WHAT IS EXPECTED - The result should be an exact copy of the data, free of pictures.
=== DATA EXTRACT ===
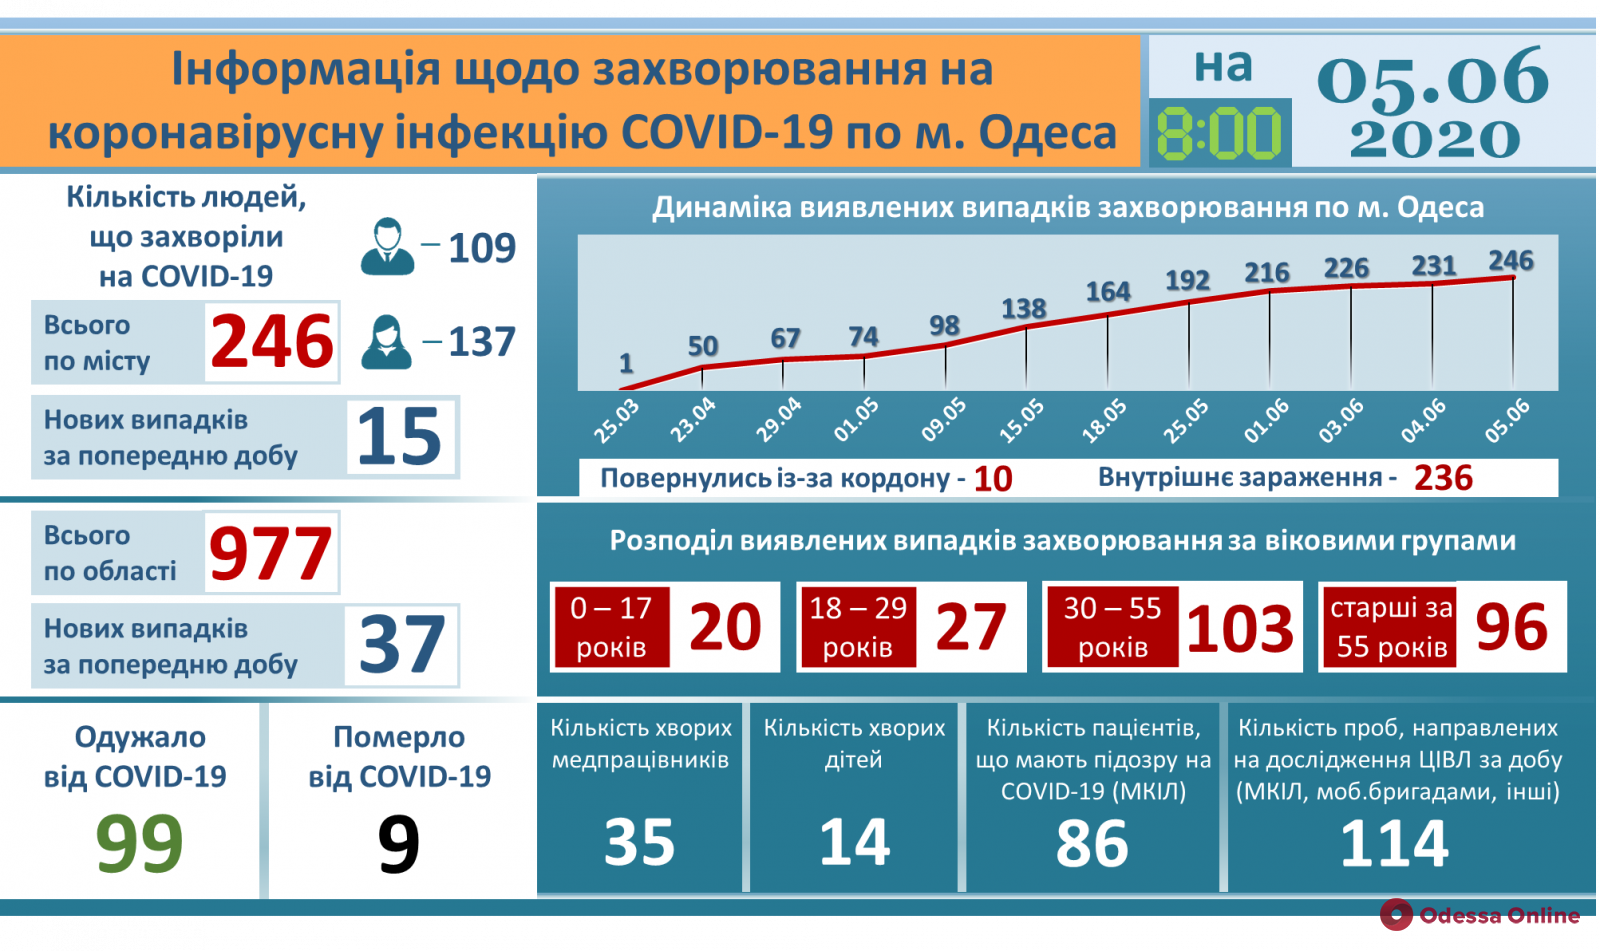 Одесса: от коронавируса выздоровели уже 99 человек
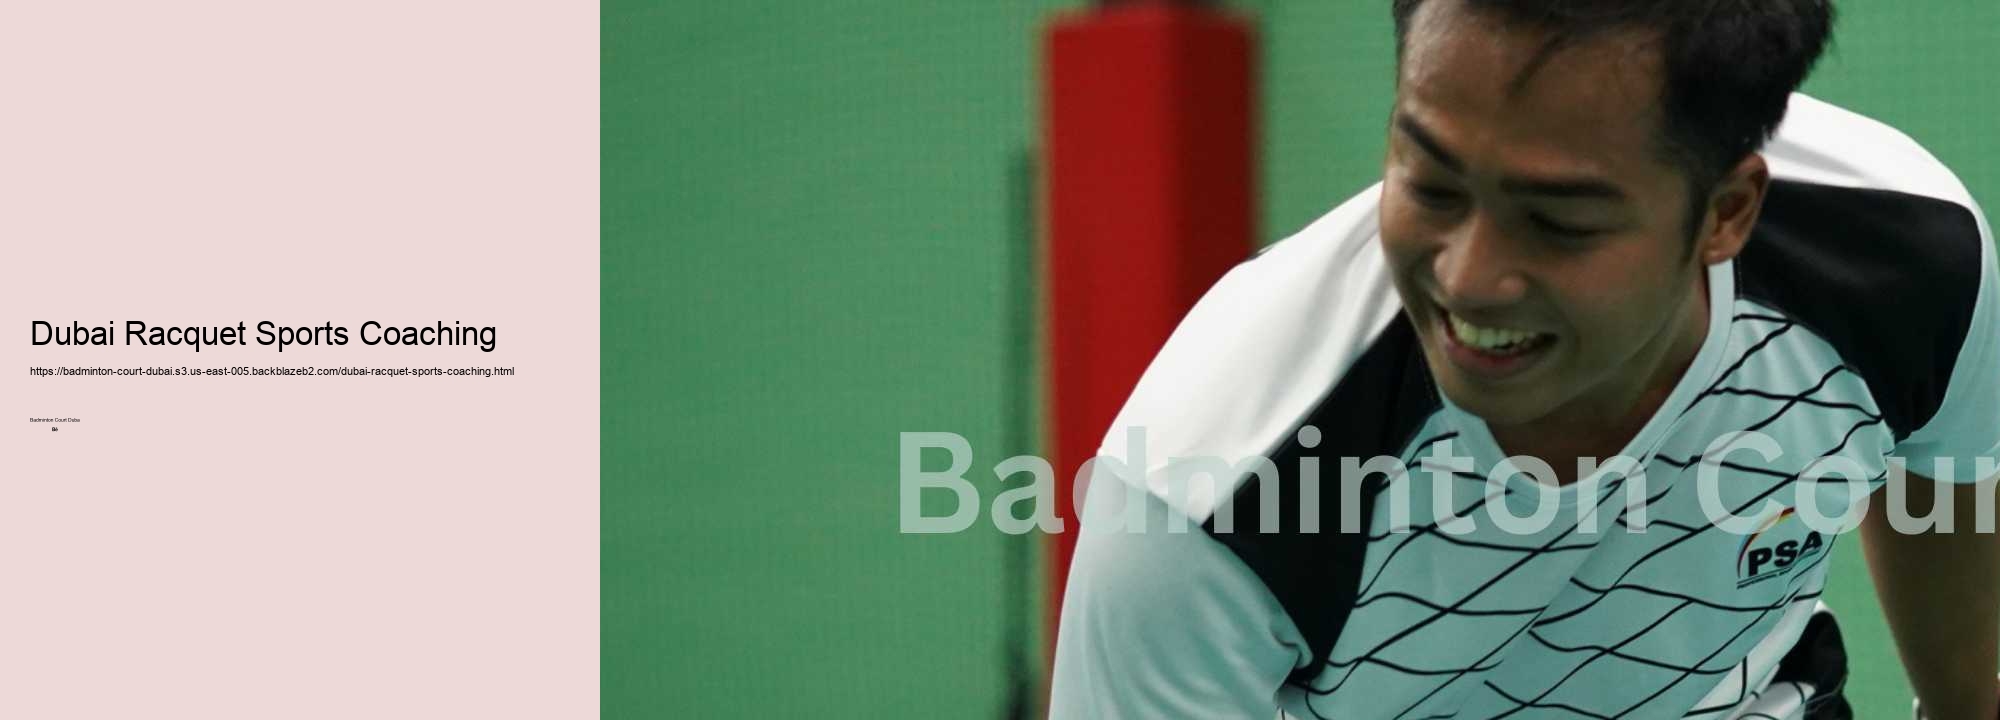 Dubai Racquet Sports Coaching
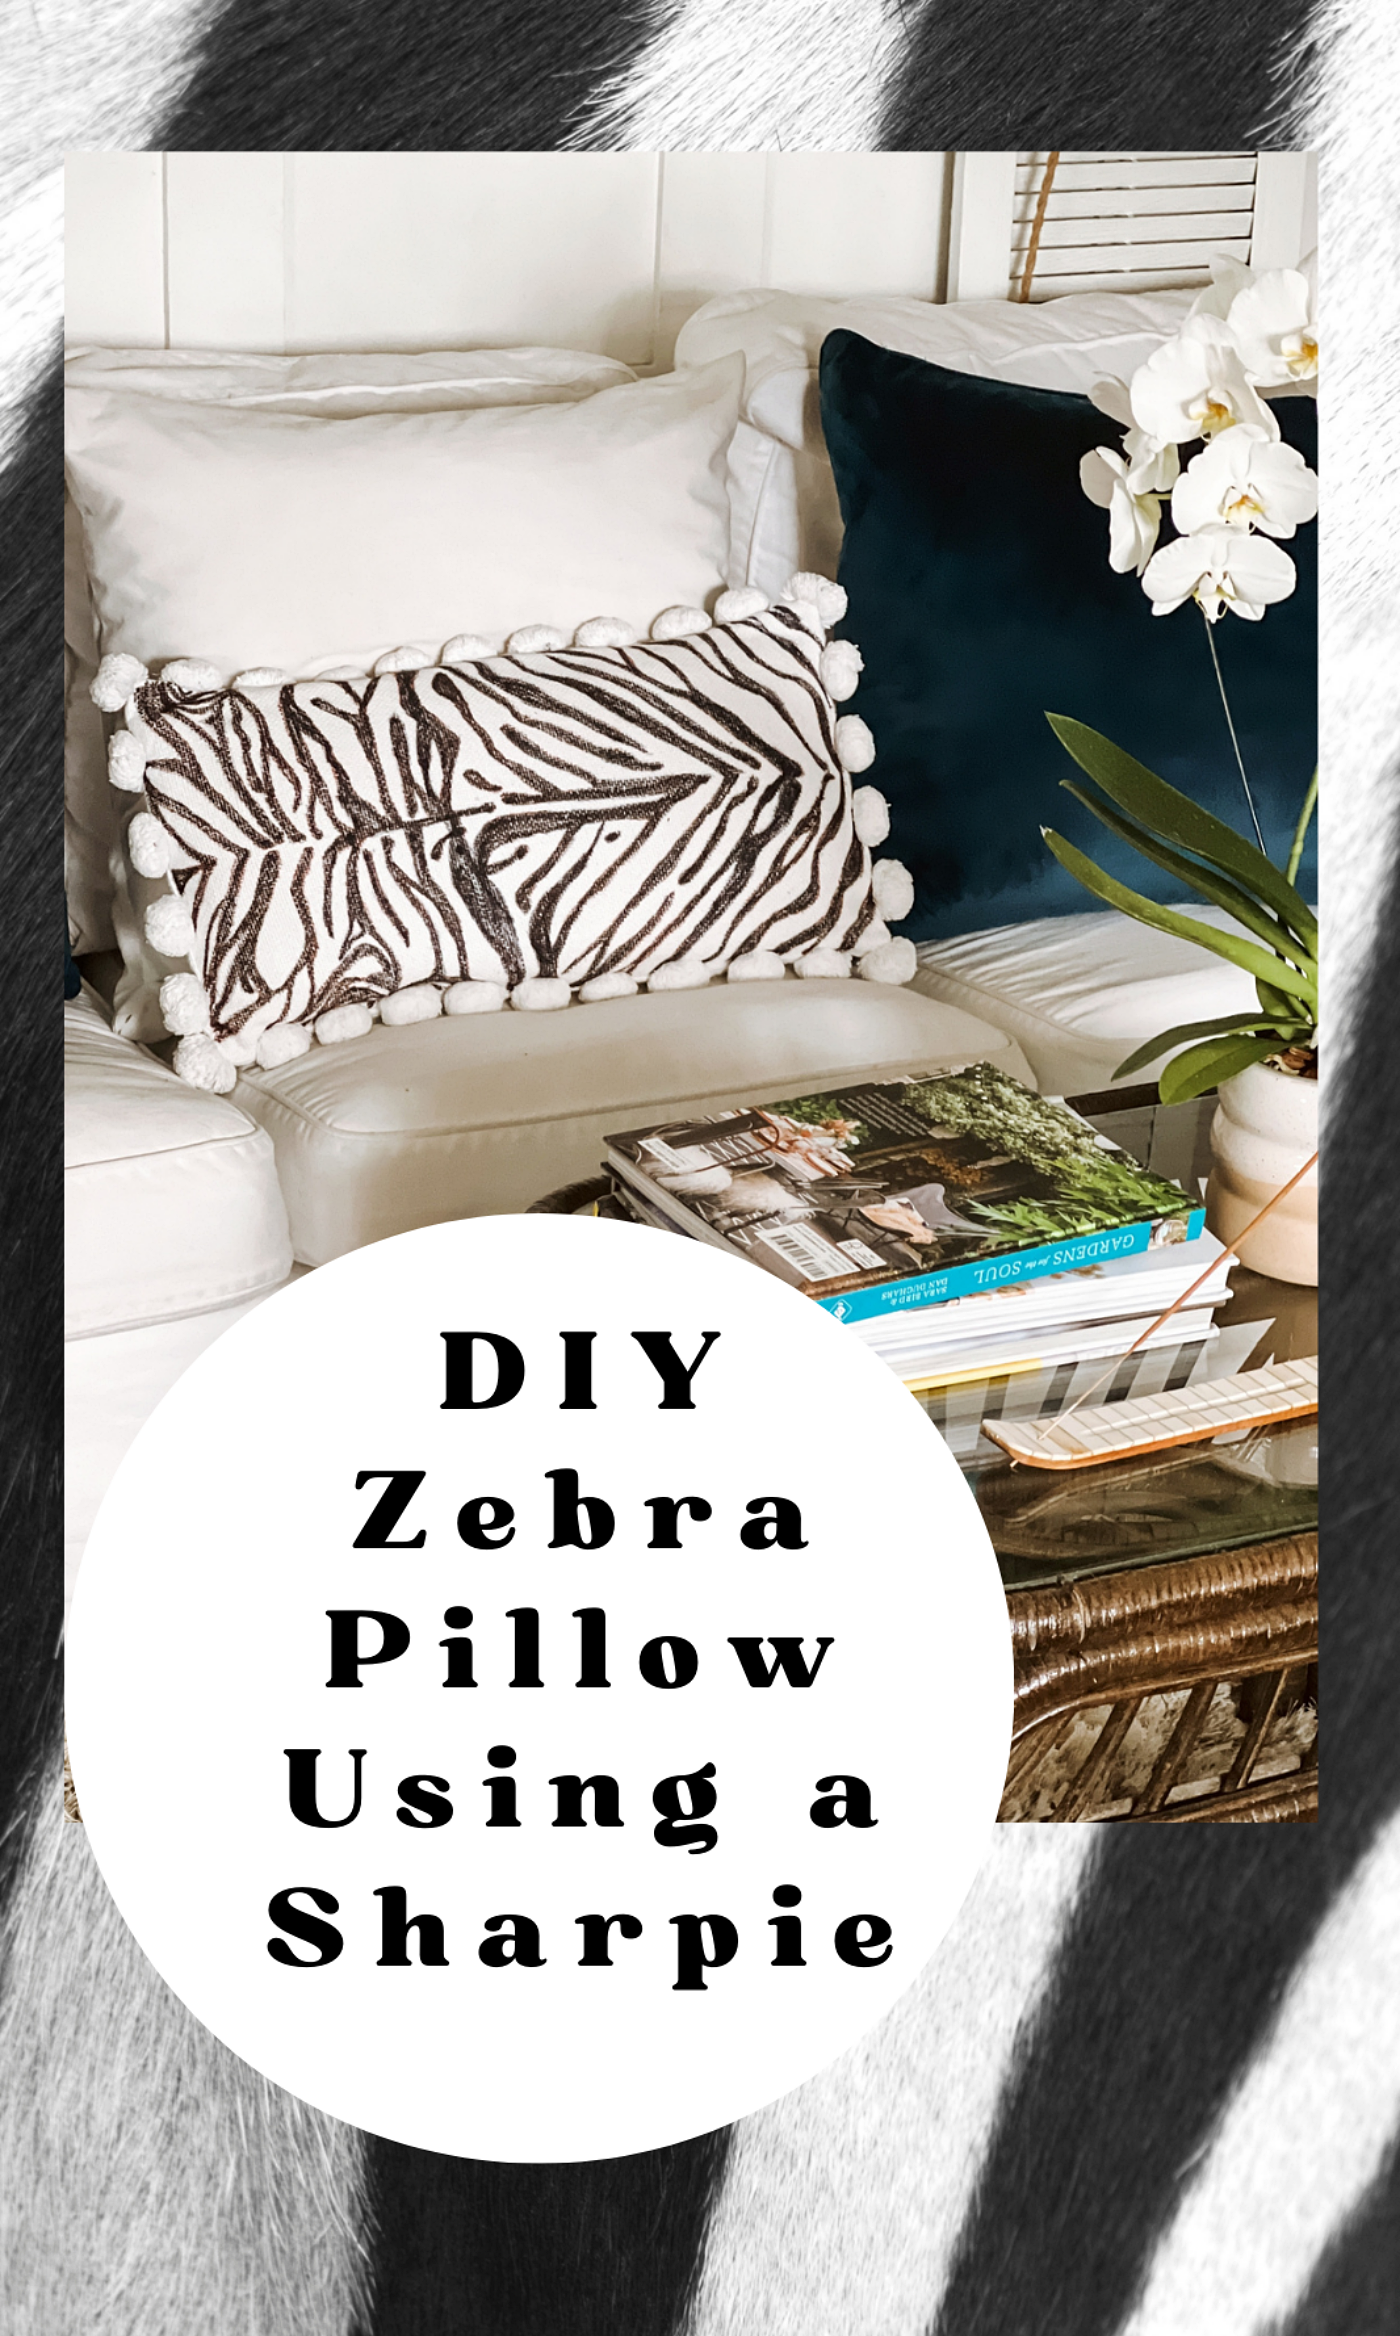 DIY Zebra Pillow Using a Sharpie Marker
===
RESPONSE BOX -
 Одесса: от коронавируса выздоровели уже 99 человек
 Dubai Racquet Sports Coaching
 DIY Zebra Pillow Using a Sharpie Marker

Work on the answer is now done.